• **Dataset content**:
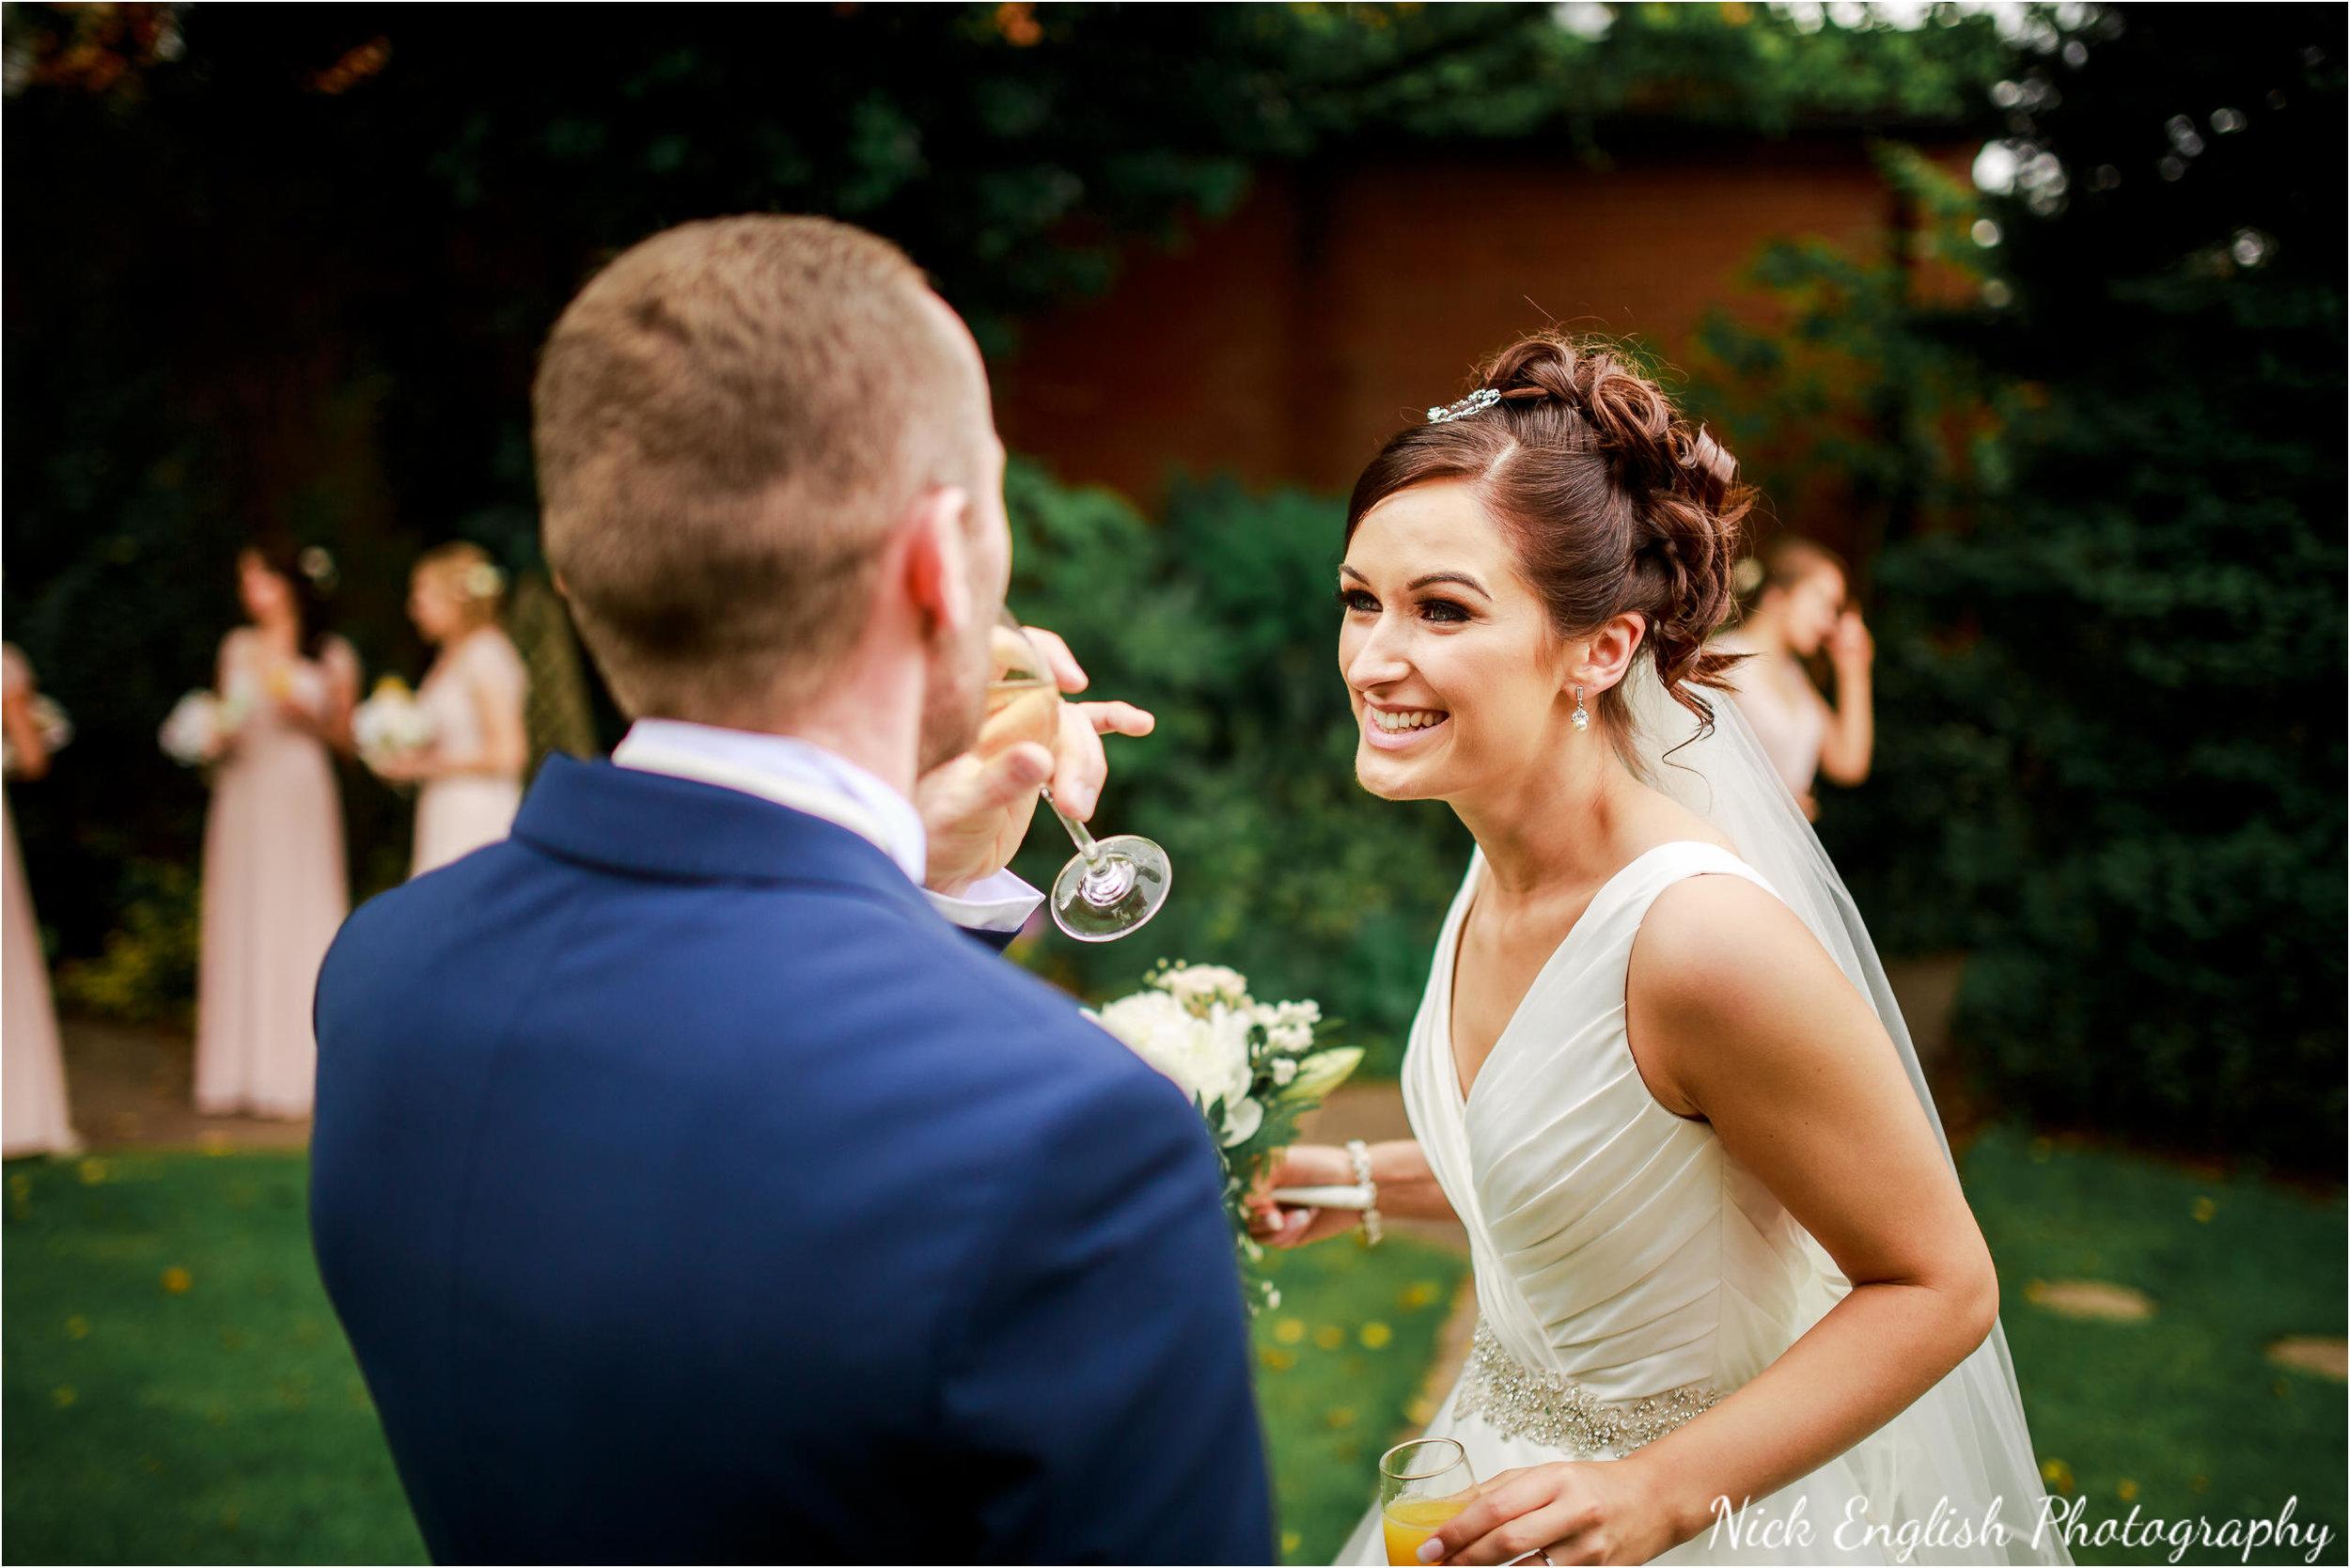 Emily David Wedding Photographs at Barton Grange Preston by Nick English Photography 93jpg.jpeg
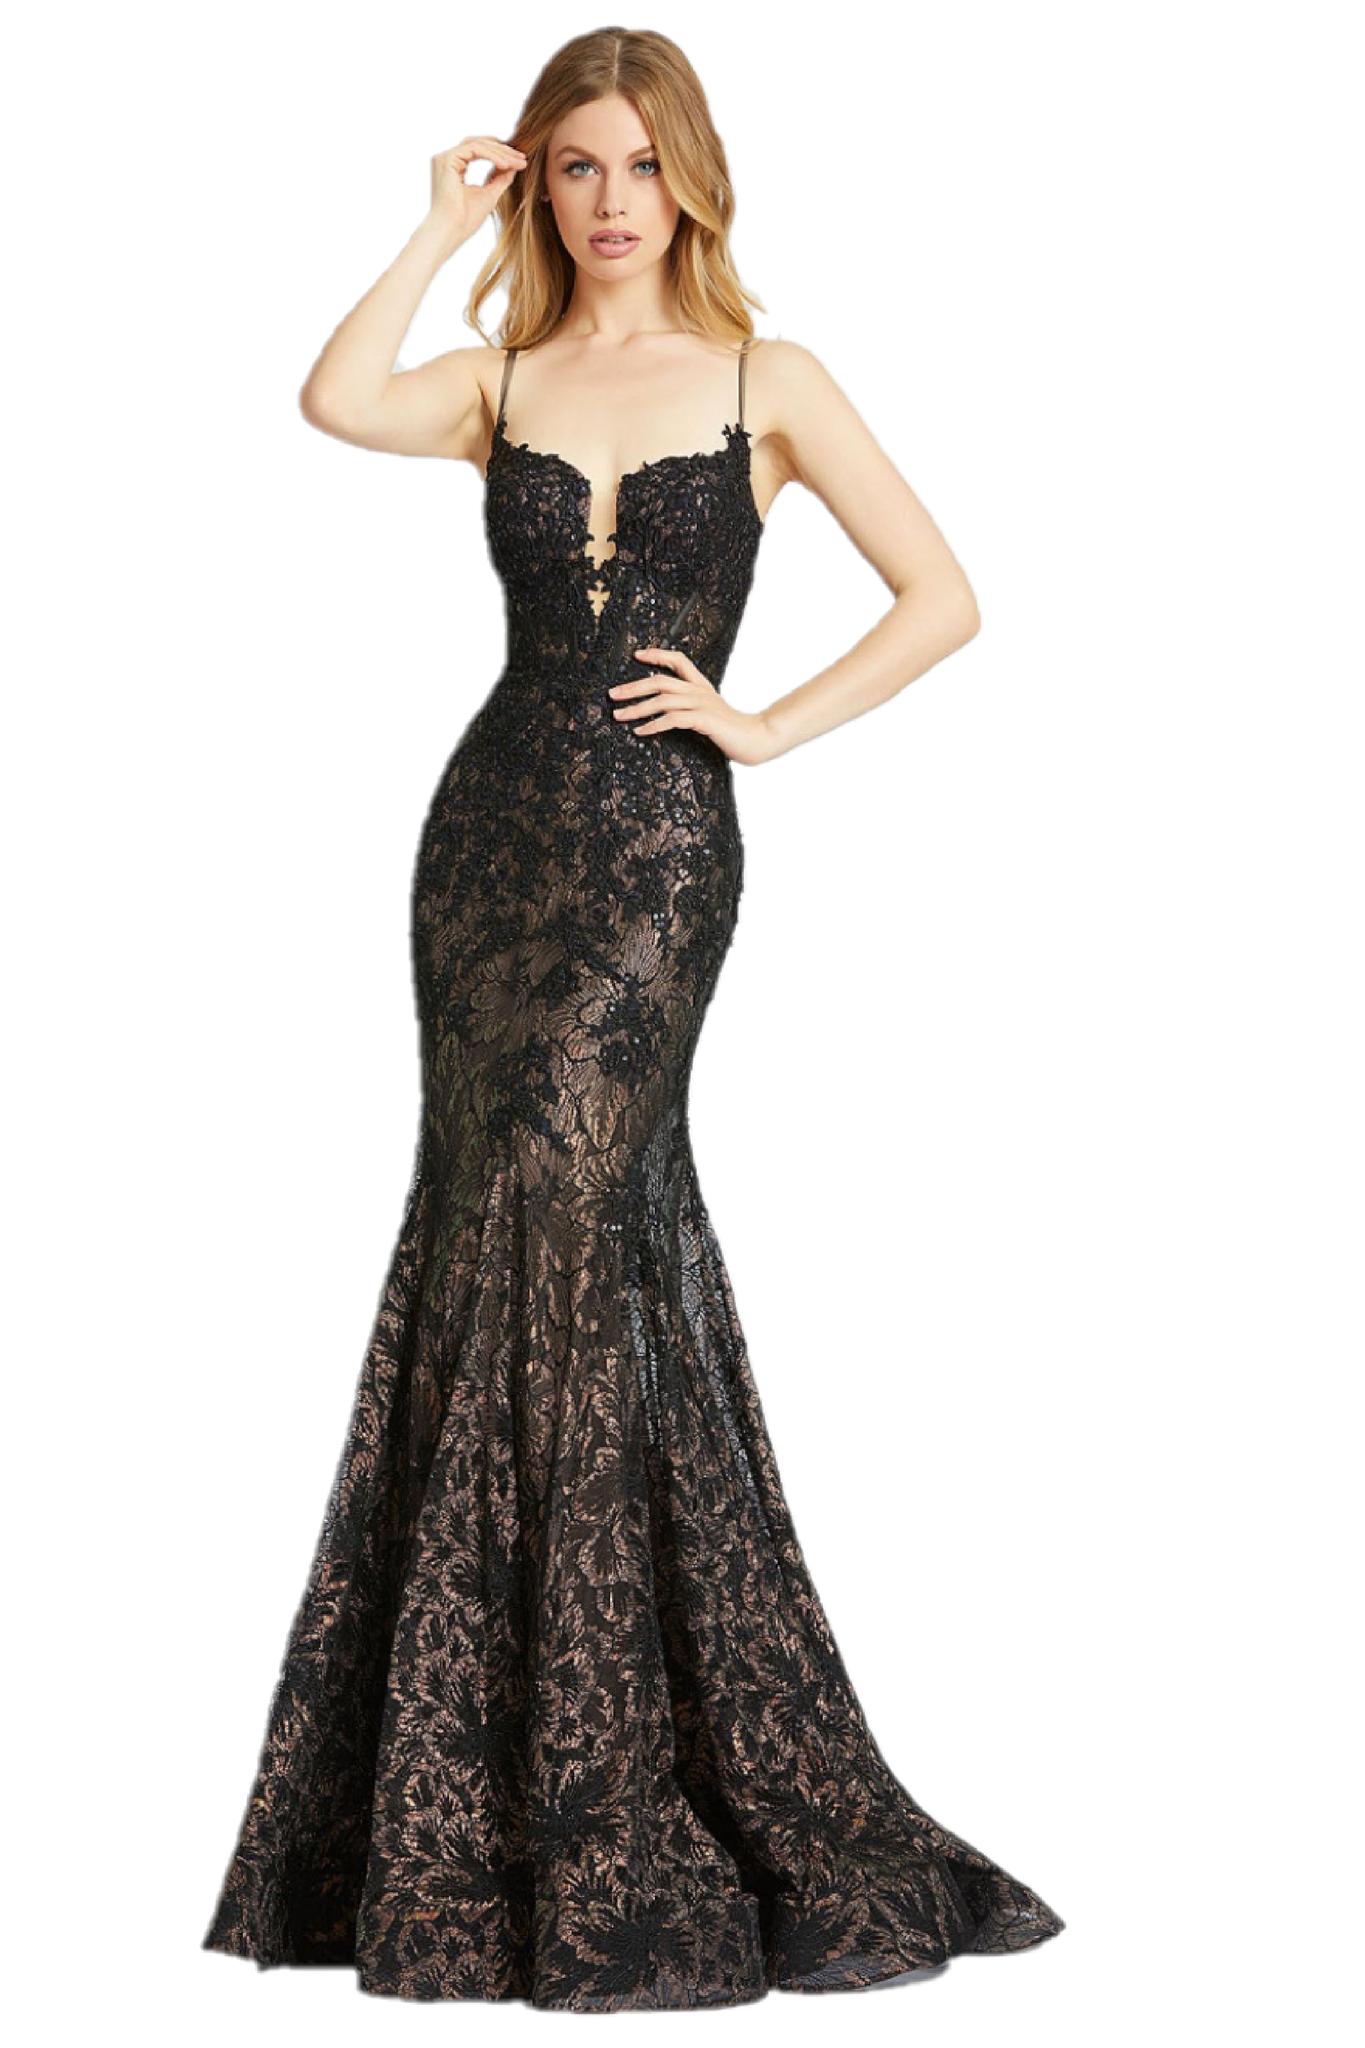 Mac Duggal 79252m Metallic Lace Sheer Corset Mermaid Prom Dress Pageant Gown In 2021 Mermaid Prom Dresses Mac Duggal Dresses Mac Duggal Prom [ 2048 x 1365 Pixel ]
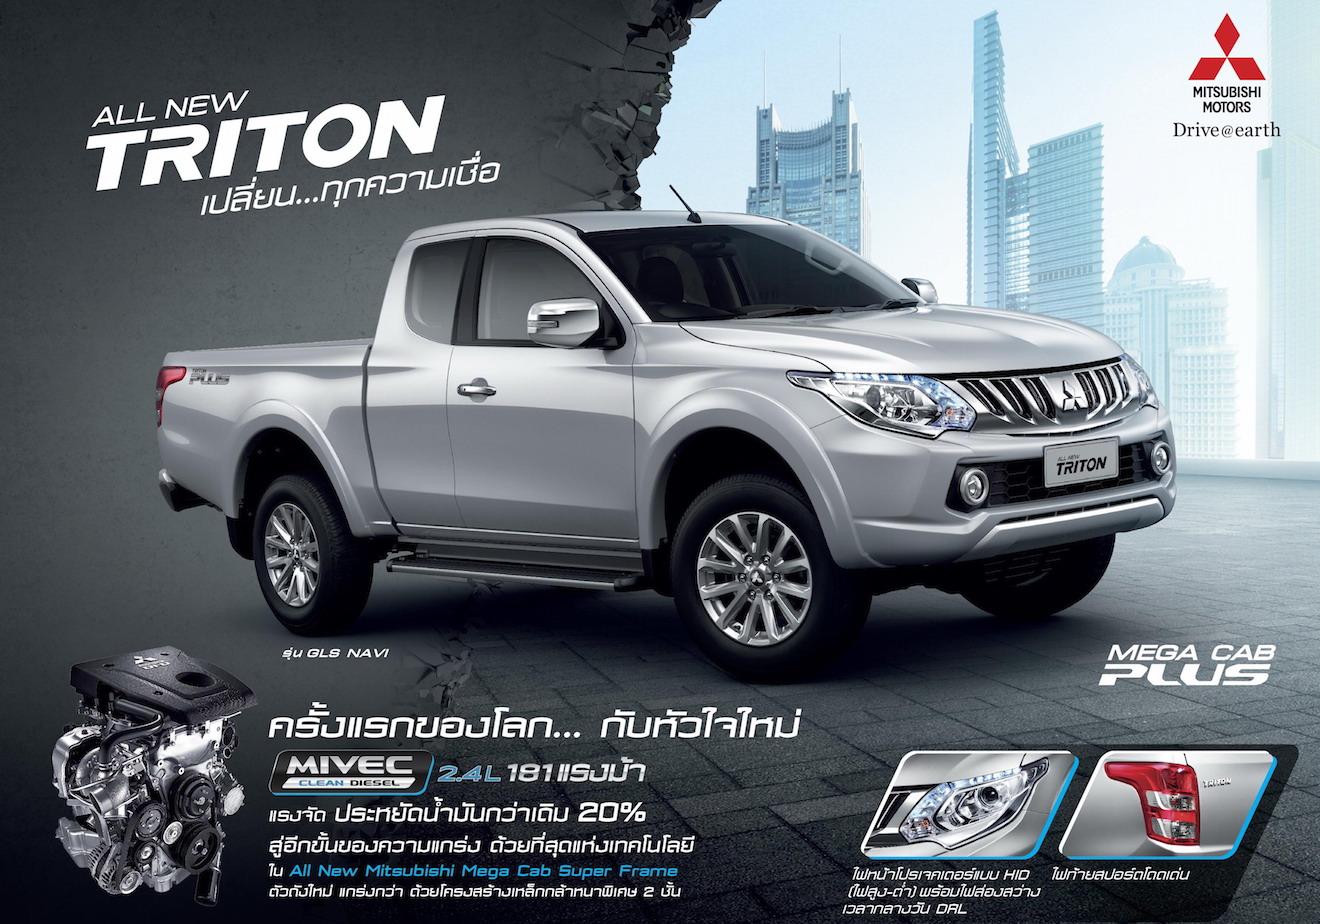 Mitsubishi Motors launches all-new Triton pick-up truck in ...
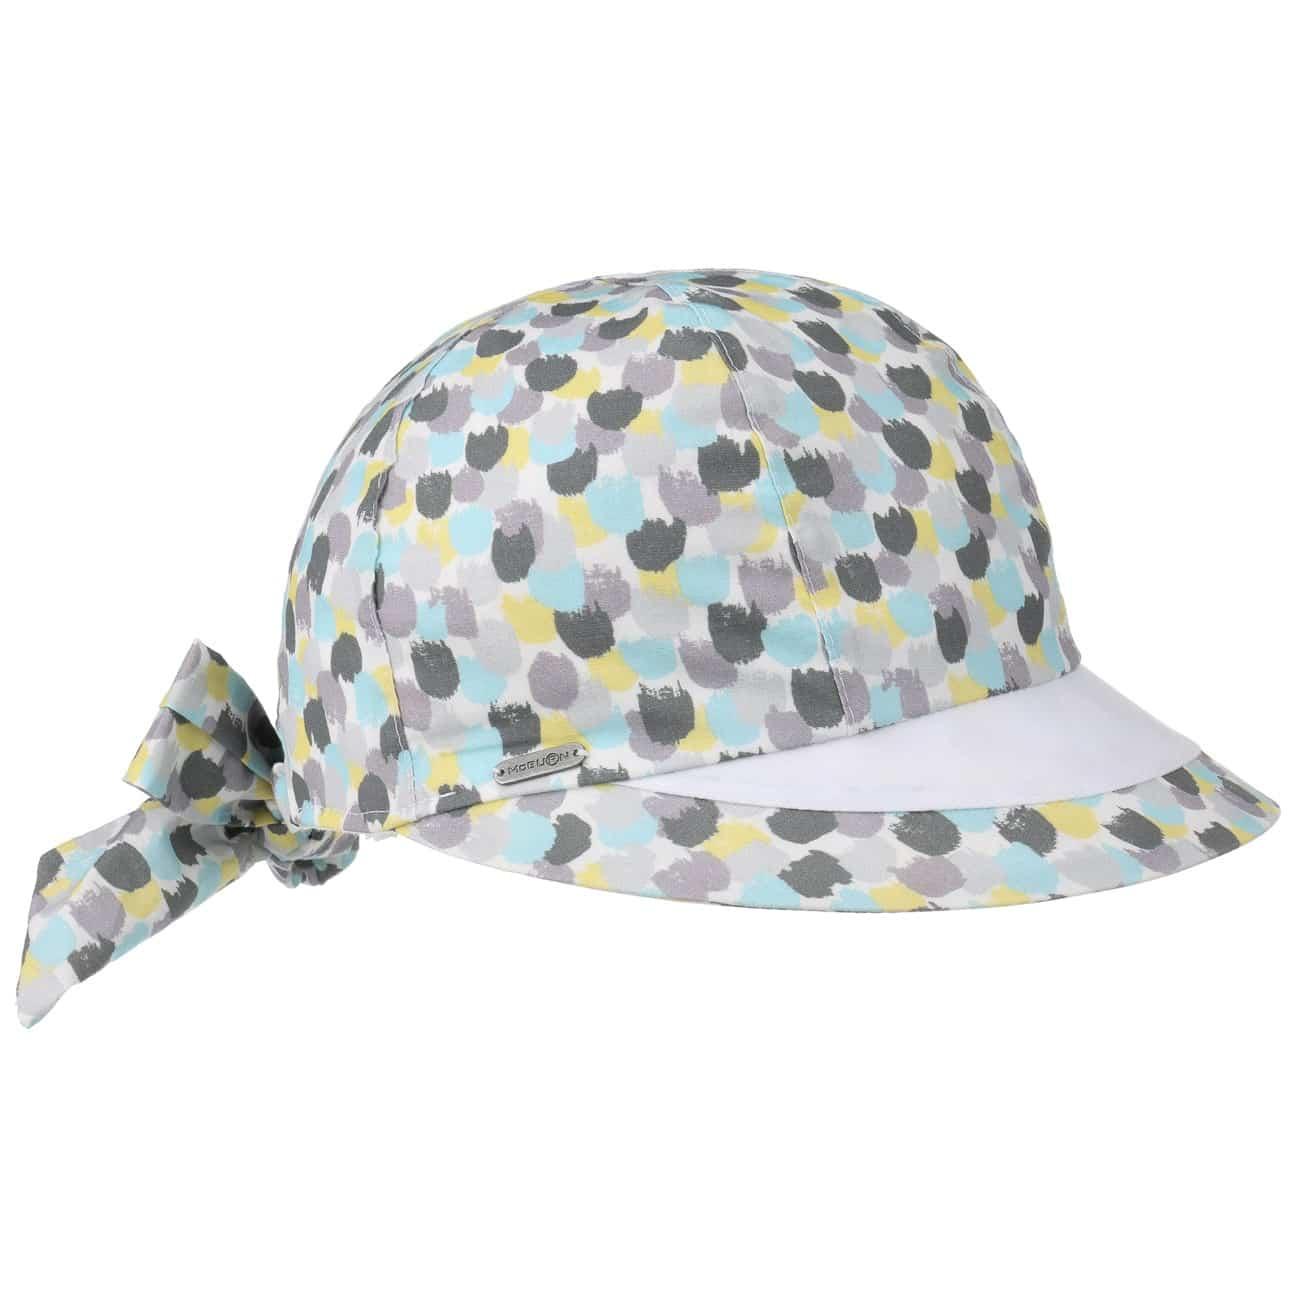 Gorra de Mujer Dots by McBURN  gorra de verano

• **Exercise objective**: Return the listing verbatim, pictures omitted.

• **Result of the task**:
 Emily David Wedding Photographs at Barton Grange Preston by Nick English Photography 93jpg.jpeg
 Mac Duggal 79252m Metallic Lace Sheer Corset Mermaid Prom Dress Pageant Gown In 2021 Mermaid Prom Dresses Mac Duggal Dresses Mac Duggal Prom [ 2048 x 1365 Pixel ]
 Mitsubishi Motors launches all-new Triton pick-up truck in ...
 Gorra de Mujer Dots by McBURN  gorra de verano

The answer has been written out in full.